→ GIVEN DATA:
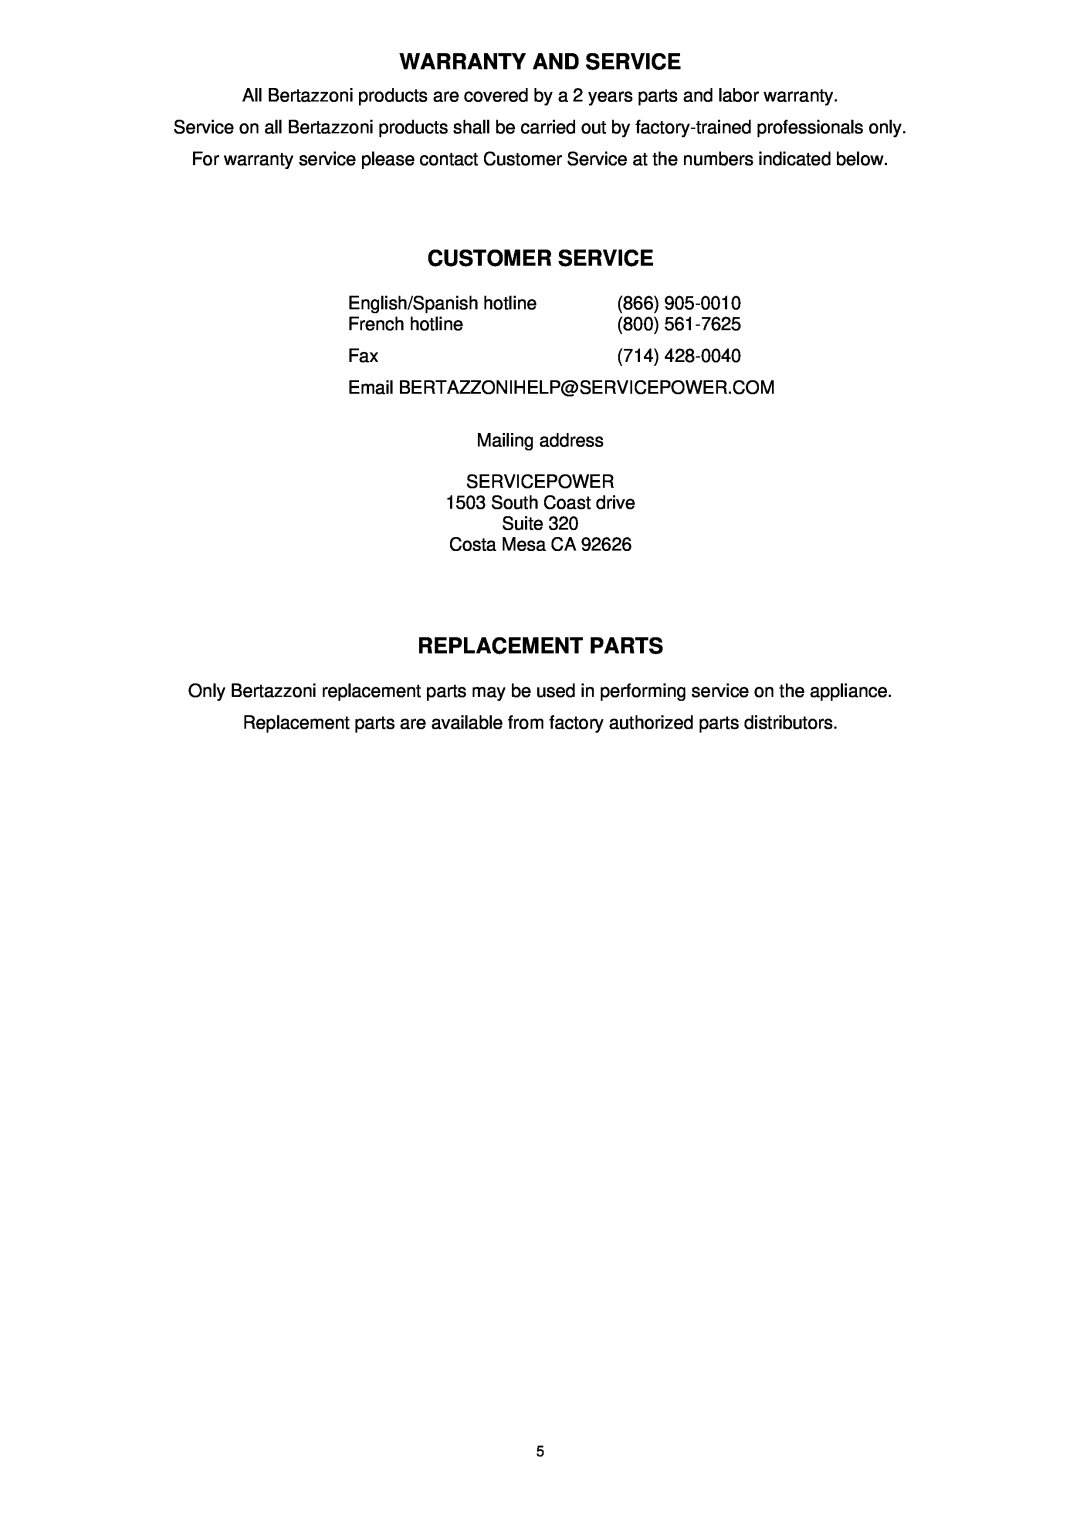 Bertazzoni F30PROXV manual Warranty And Service, Customer Service, Replacement Parts 
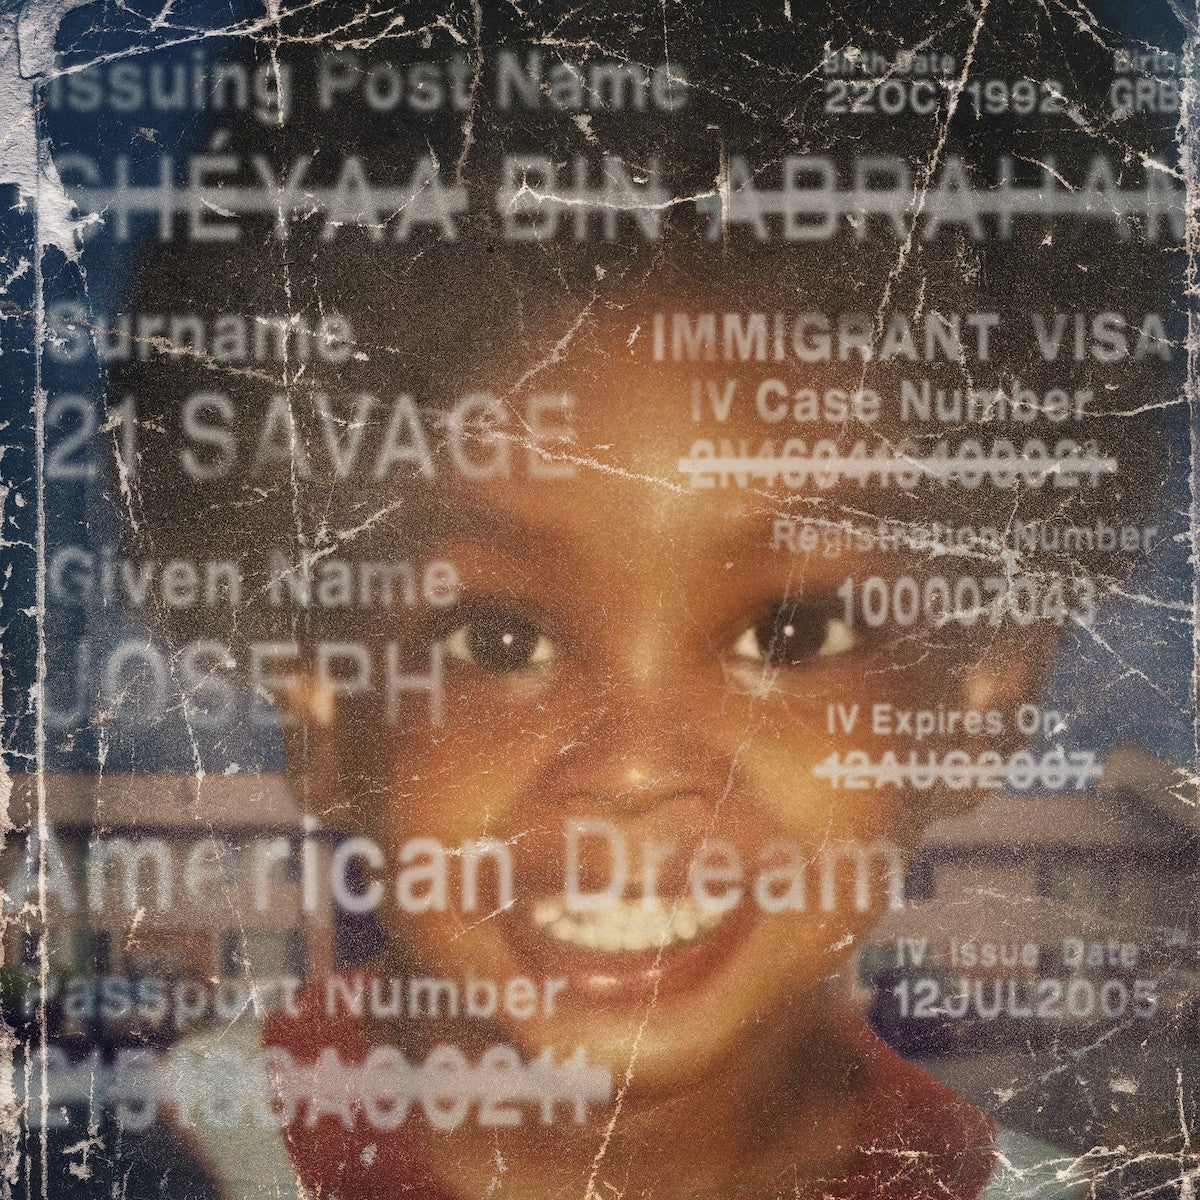 American Dream: Red Double Vinyl LP
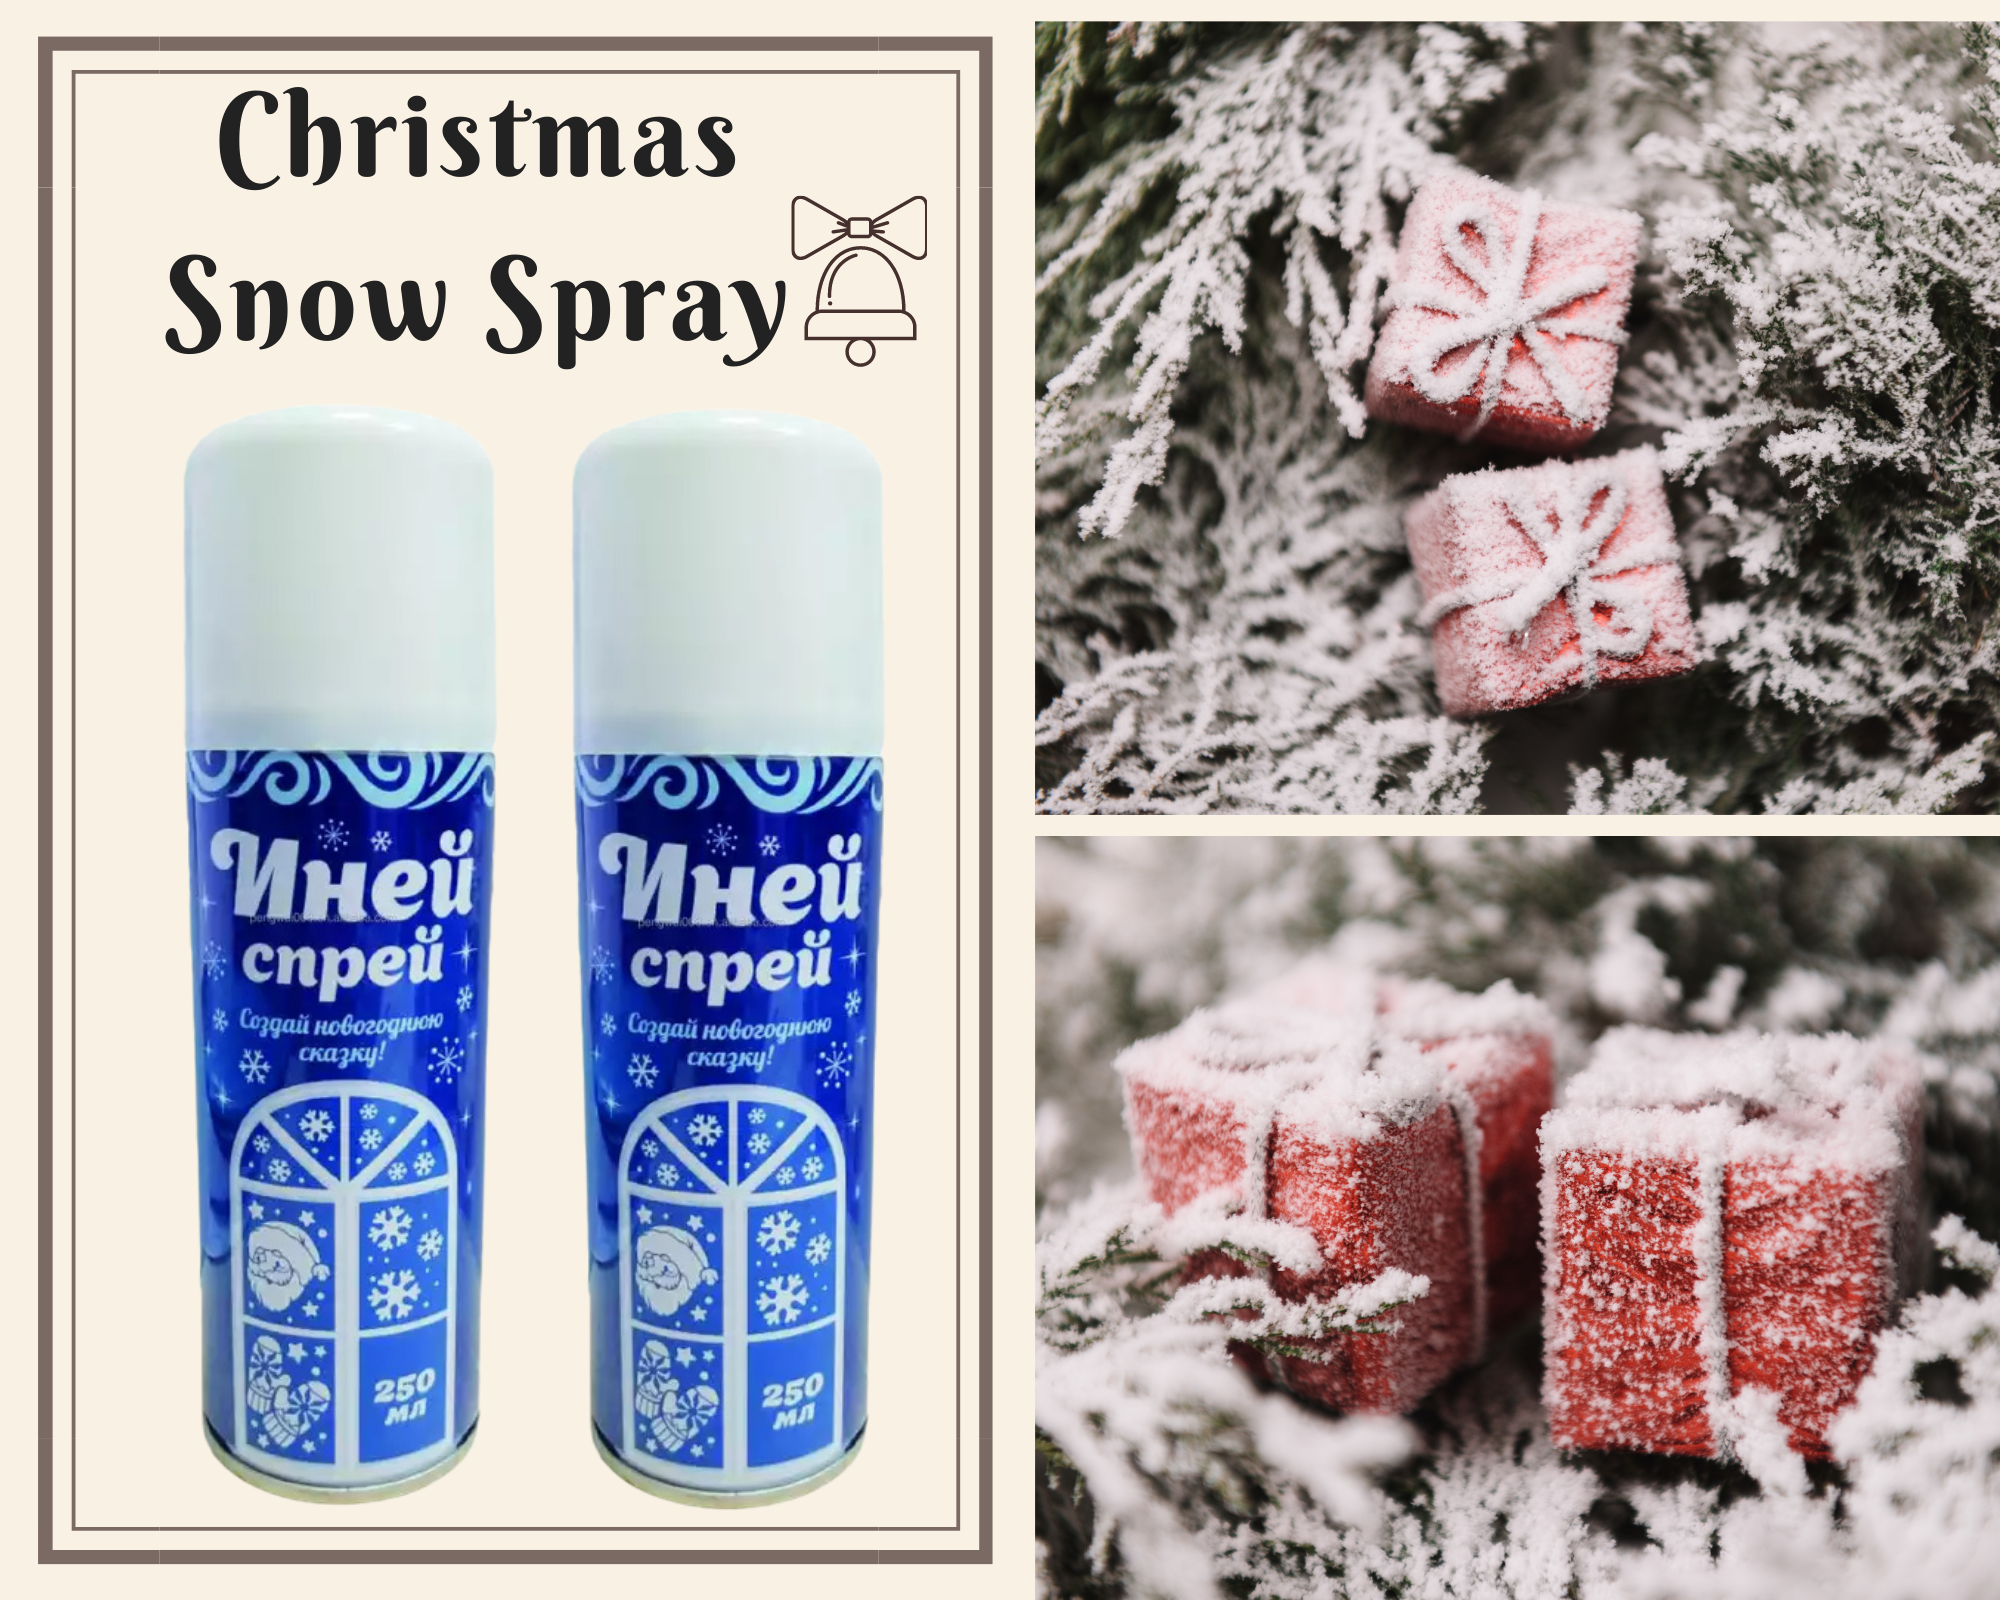 Snow spray for the Winter Wonderland decorative DIY.

→ REQUIRED ACTION:
Could you write out every line above exactly as it stands, with no images?

→ REPLY TO THE TASK:
 Bertazzoni F30PROXV manual Warranty And Service, Customer Service, Replacement Parts 
 American Dream: Red Double Vinyl LP
 Snow spray for the Winter Wonderland decorative DIY.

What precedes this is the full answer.